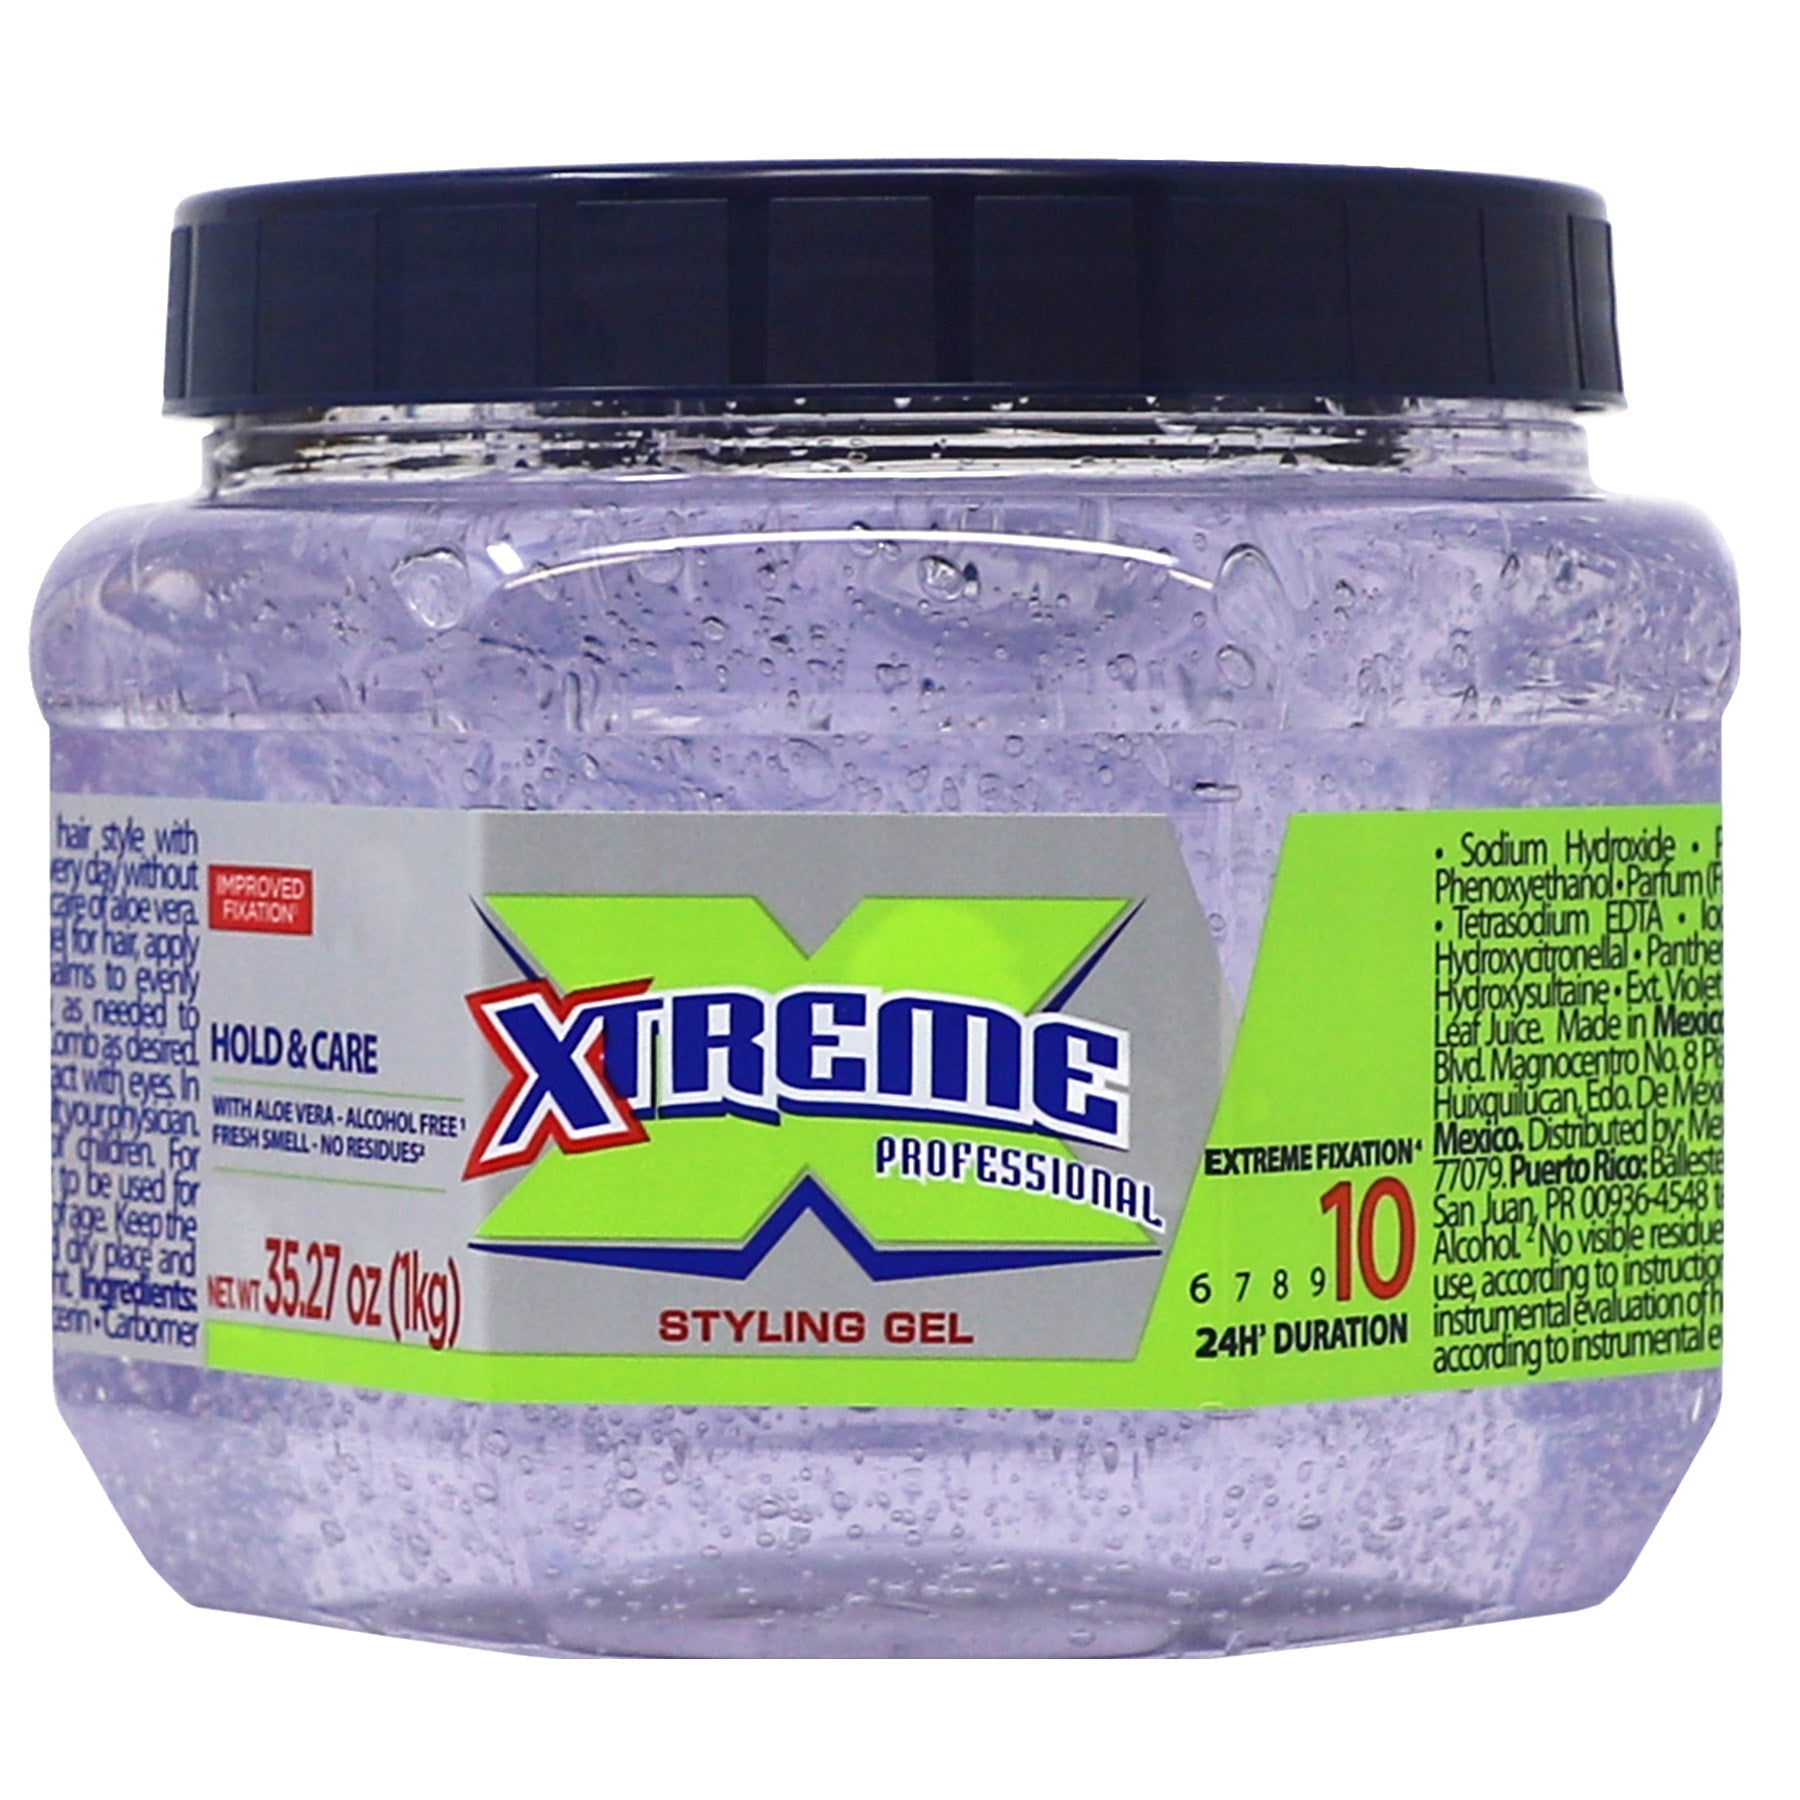 Xtreme Professional Styling Gel
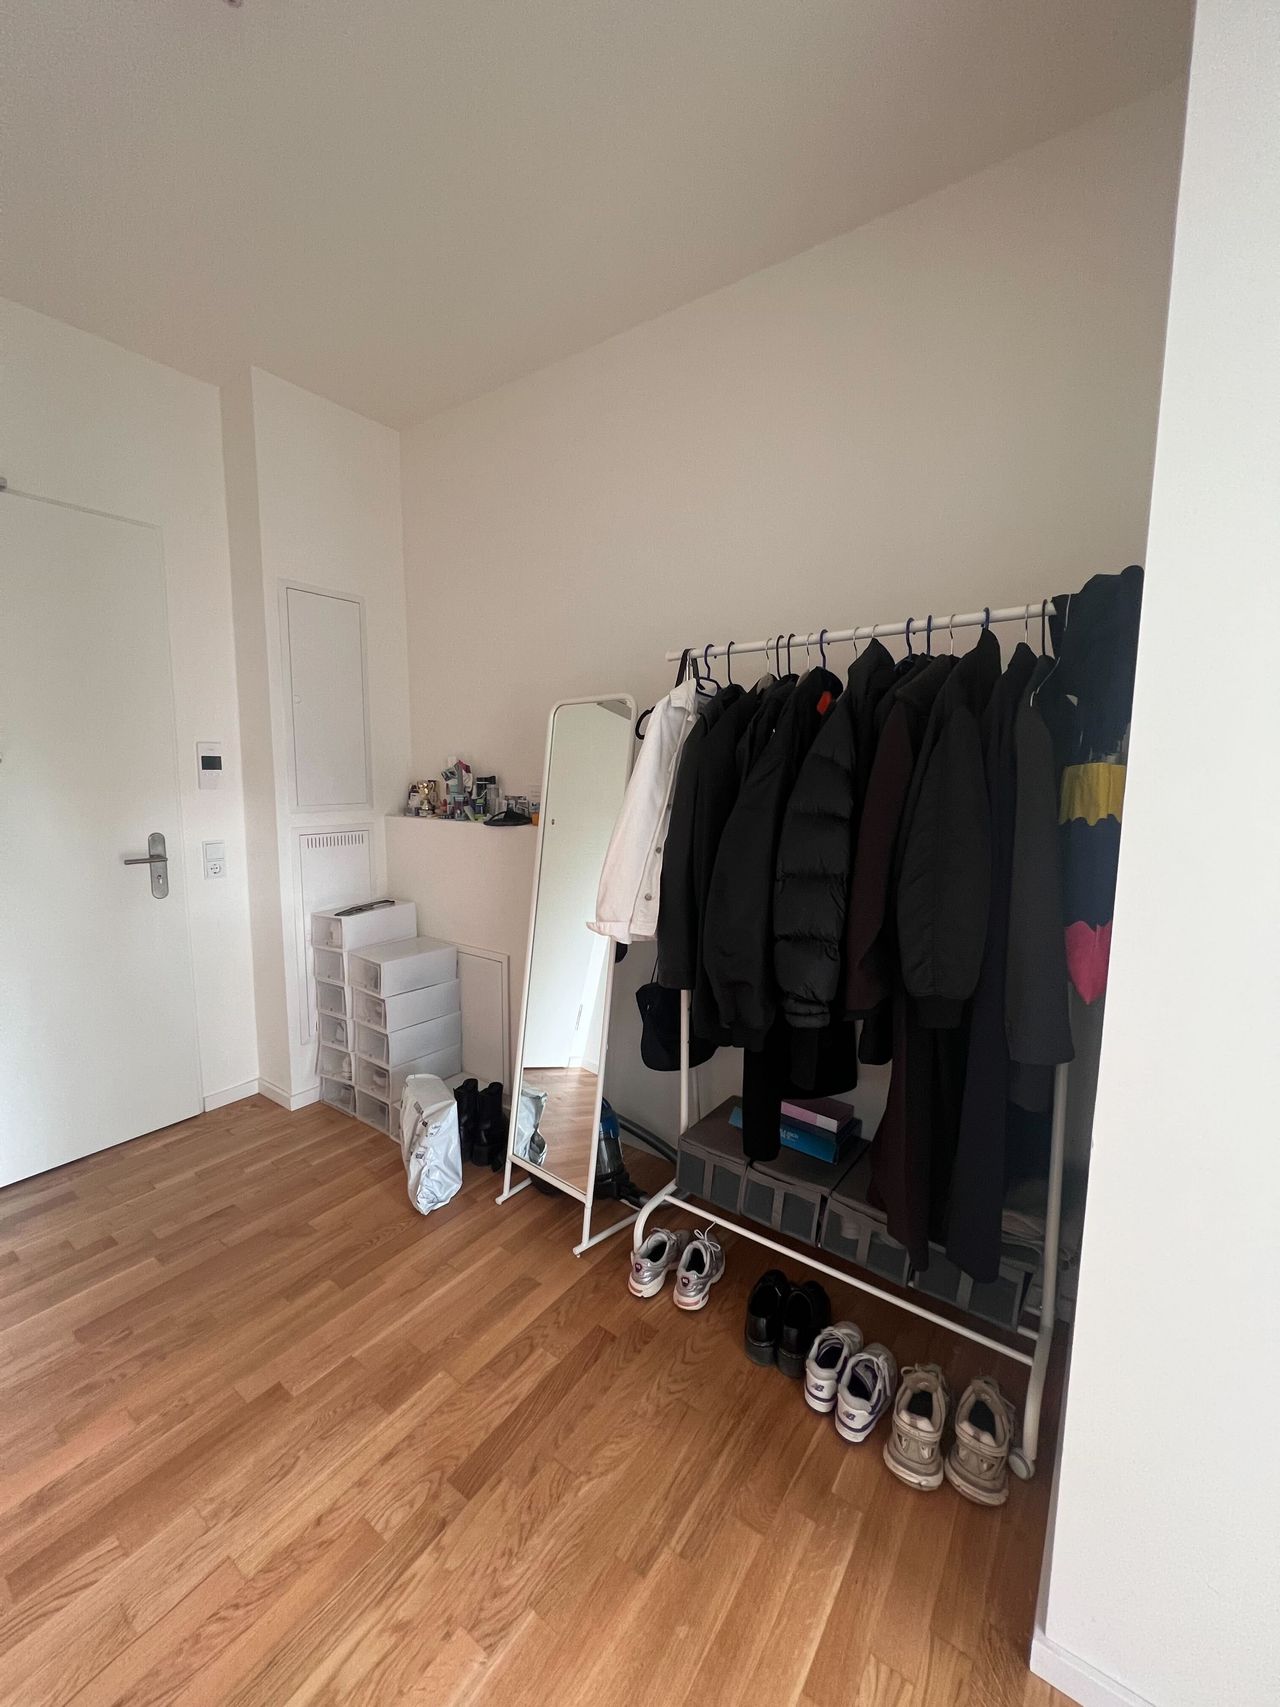 Sunny, fully furnished flat in Mitte, ready for you from July 3rd
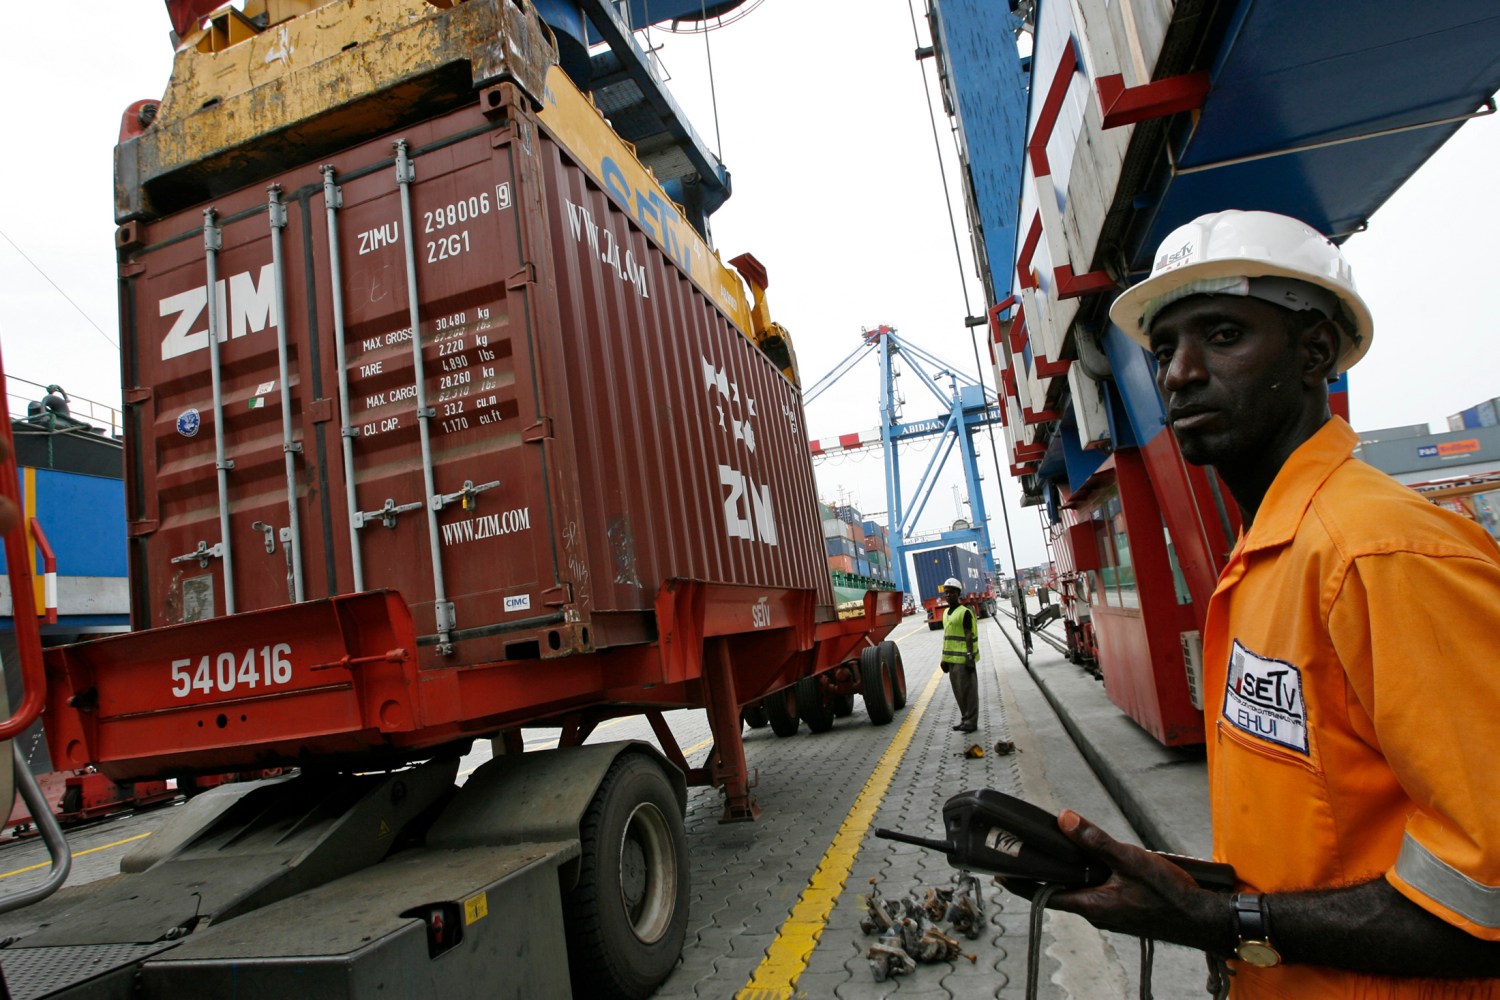 Men work at a containers terminal in Abidjan April 3, 2008. REUTERS/Luc Gnago (IVORY COAST)
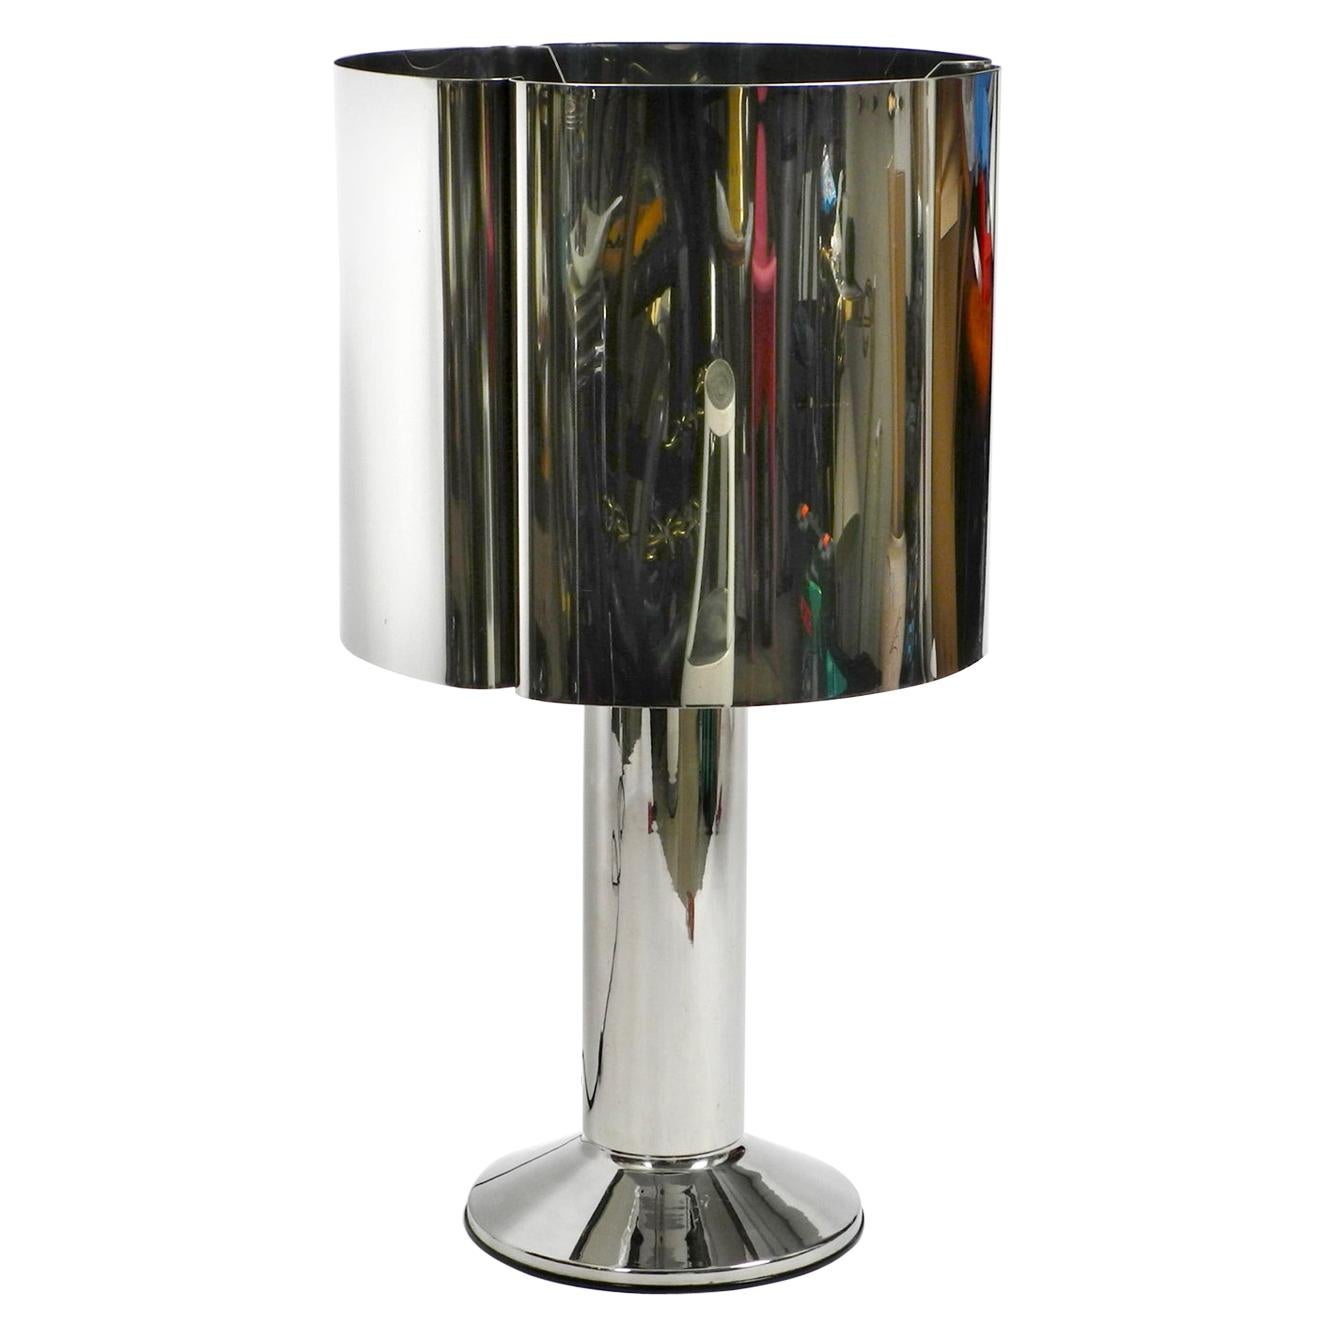 Unique Heavy, Huge XXL 1970s Metal Chrome Table Lamp with Metal Shade

WORK INSTRUCTIONS
Only those lines from the one containing "Men work at" to the end of the material above, retyped exactly and without pictures, belong in your reply.

RESULT OF THIS EXERCISE
 Men work at a containers terminal in Abidjan April 3, 2008. REUTERS/Luc Gnago (IVORY COAST)
 Unique Heavy, Huge XXL 1970s Metal Chrome Table Lamp with Metal Shade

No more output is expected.